Researchers at Tel Aviv University, Israel, have used CRISPR genetic editing technology to cultivate a variety of tomatoes which consume less water without affecting yield, taste, or quality.
Tomatoes heavily consume water so this achievement holds promise for addressing the increasing demand for crops that consume less water, especially in the face of global warming and diminishing freshwater resources.
The research, which involved modifying the tomato through genetic editing using the CRISPR method, was carried out in the laboratories of Professor Shaul Yalovsky and Dr. Nir Sade. It was led by a dedicated team of researchers from Tel Aviv University’s Wise Faculty of Life Sciences, specifically the School of Plant Sciences and Food Security.
The research team featured Dr. Mallikarjuna Rao Puli, a former postdoctoral fellow guided by Professor Yalovsky, and Fioriti Muchoki, a doctoral student with joint supervision from Professor Yalovsky and Dr. Sade. The research effort also benefited from the valuable contributions of additional students and postdoctoral fellows associated with TAU’s School of Plant Sciences and Food Security.
The collaboration extended beyond Tel Aviv University, with researchers from Ben Gurion University and the University of Oregon actively participating in the research endeavour.
Professor Shaul Yalovsky, explained that the modification resulted in a partial closure of the stomata, particularly pronounced during midday when water loss is at its peak. The targeted gene, ROP9, is crucial in regulating the stomata, which are the openings in the leaves through which plants transpire water and absorb carbon dioxide for photosynthesis. The research revealed that despite the reduced water loss, there was no adverse impact on photosynthesis, crop yield, or quality.

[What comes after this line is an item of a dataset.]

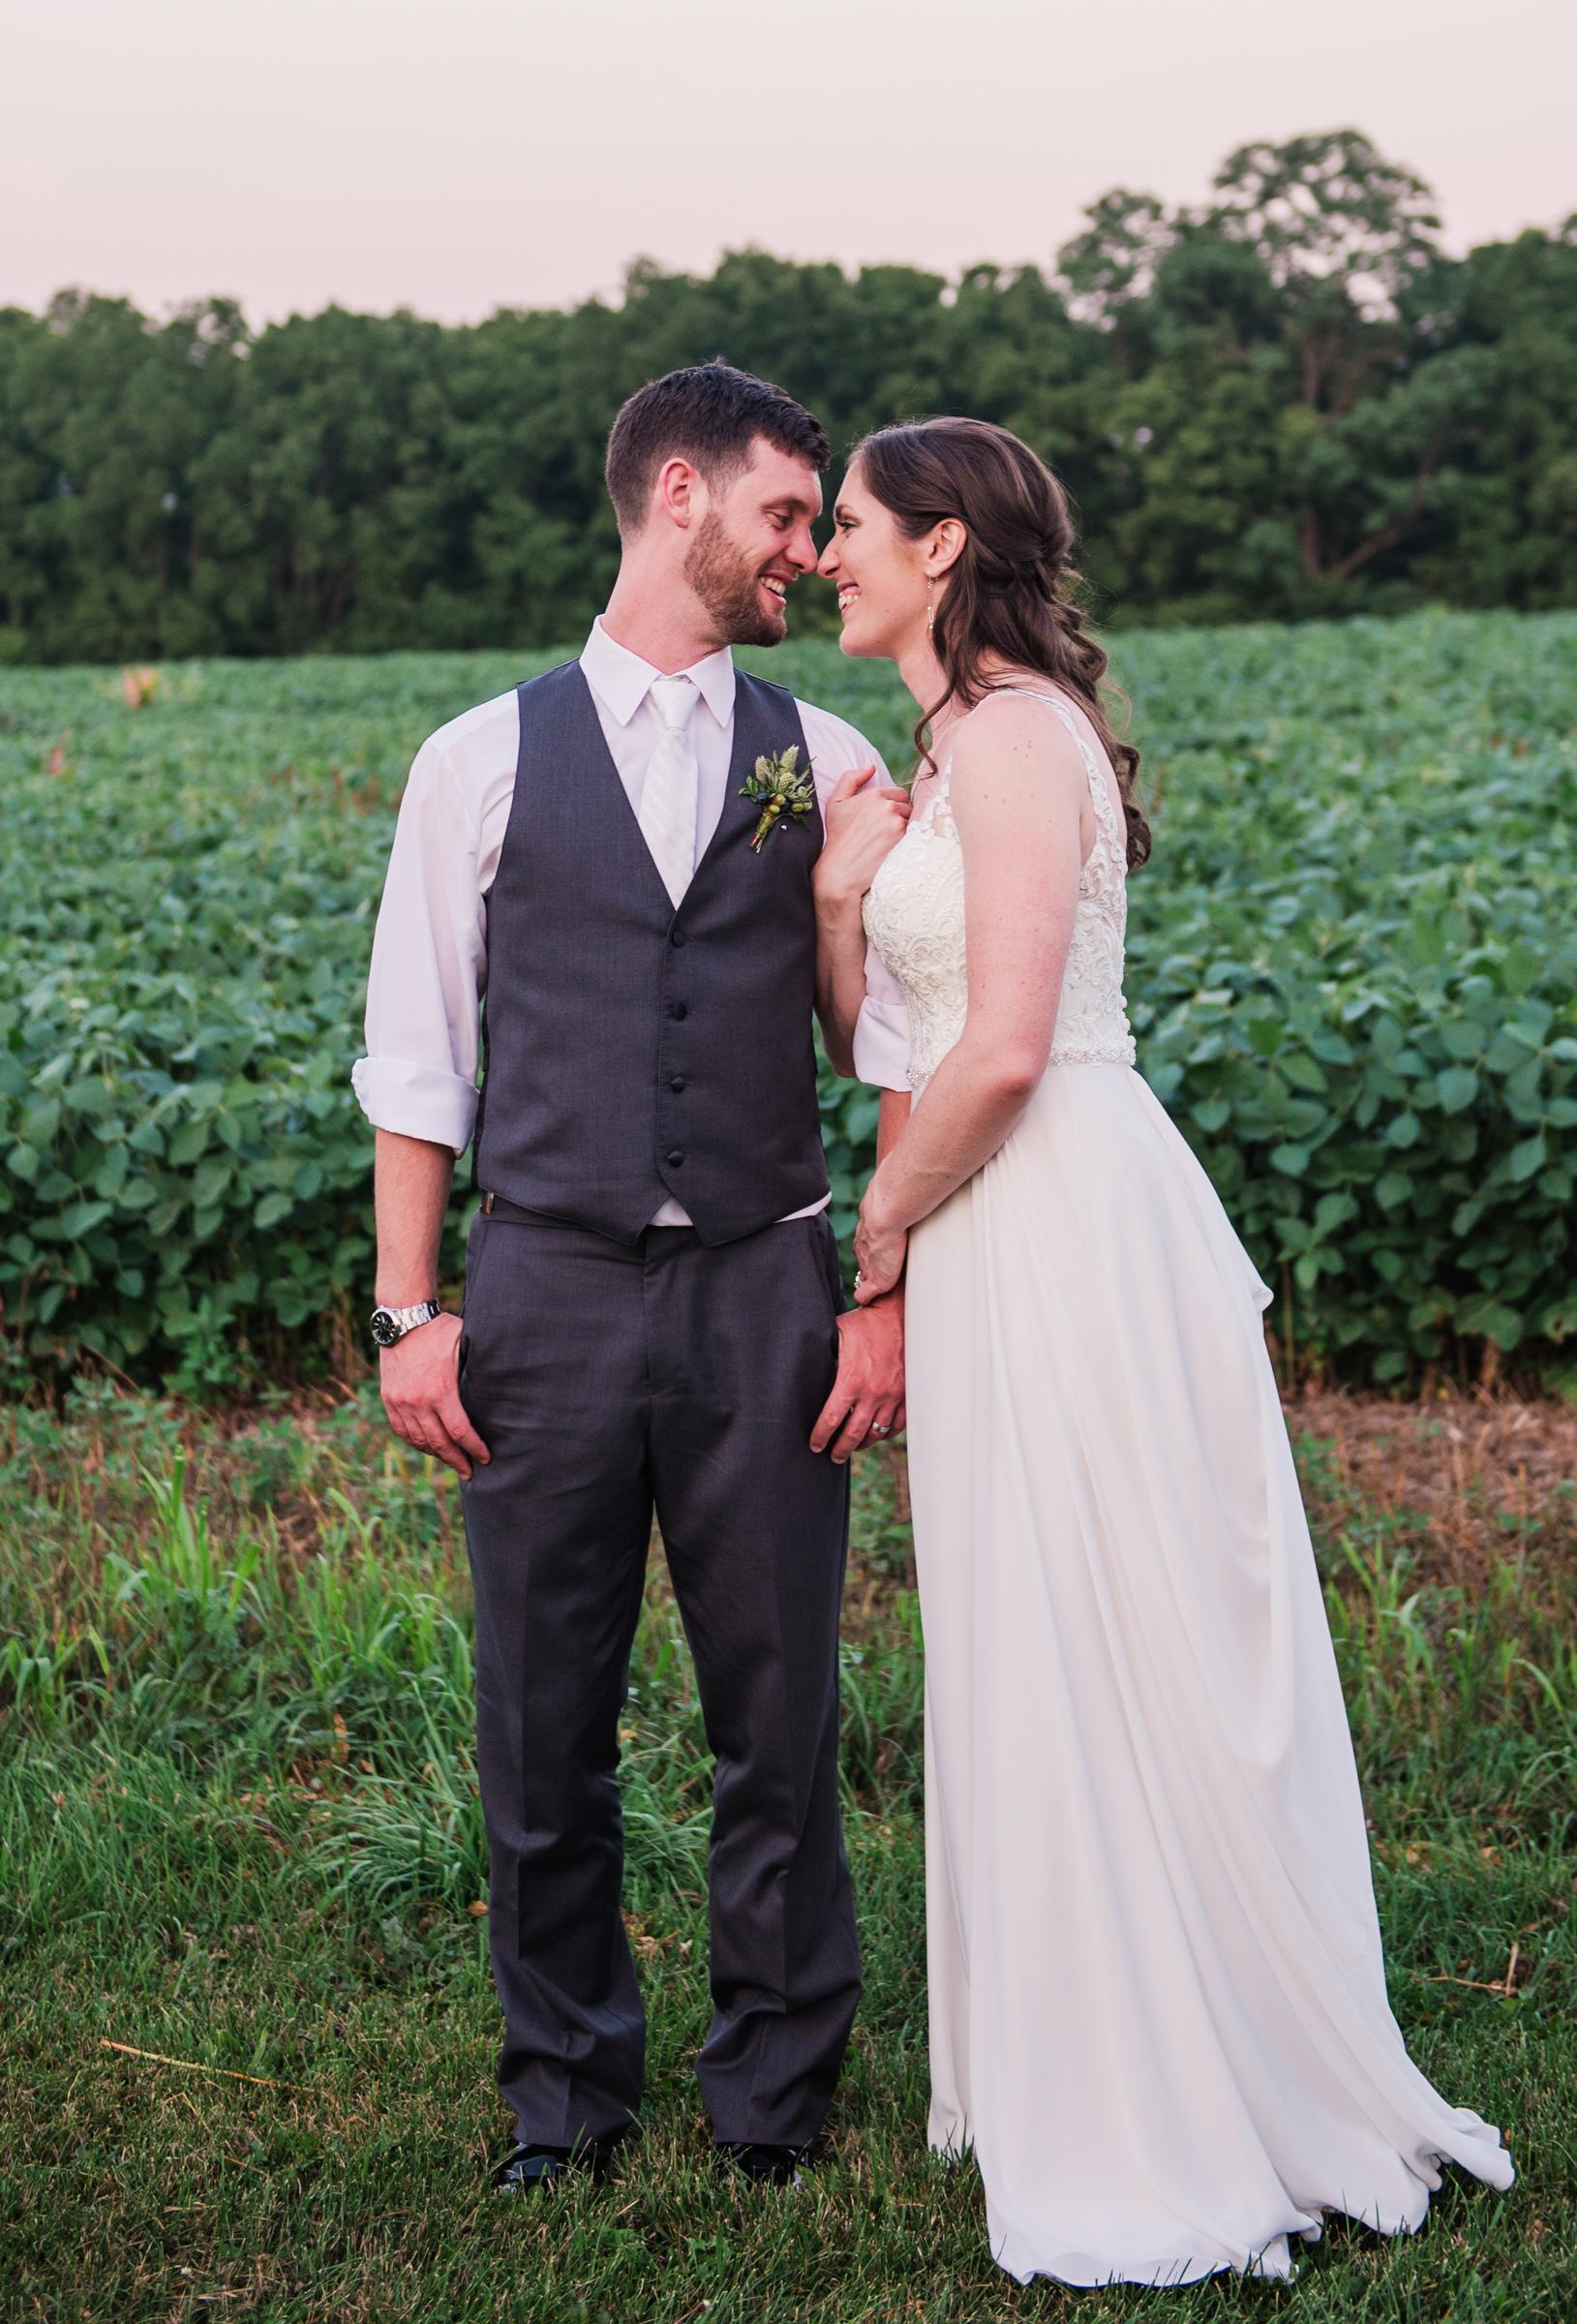 Jerris_Wadsworth_Wedding_Barn_Rochester_Wedding_JILL_STUDIO_Rochester_NY_Photographer_DSC_3143.jpg

The researchers conducted an extensive field experiment involving hundreds of plants, demonstrating that the CRISPR-edited tomatoes not only conserved water during the transpiration process but also maintained sugar production by photosynthesis. The study identified an unexpected mechanism related to the level of reactive oxygen species in the stomata, offering insights into the regulation of stomatal opening and closing.
The discovery is significant not only for its potential to develop tomato varieties that demand less water, but also for its broader applications in other crop plants. Dr. Nir Sade noted the similarity between the ROP9 in tomatoes and ROP proteins in crops like pepper, eggplant, and wheat. This breakthrough opens avenues for developing additional crop plants which consume less water, and provides a deeper understanding of stomatal regulation mechanisms.
The research findings have been published in the journal PNAS, showcasing the potential of CRISPR technology to contribute to sustainable agriculture by addressing water conservation challenges in crop cultivation.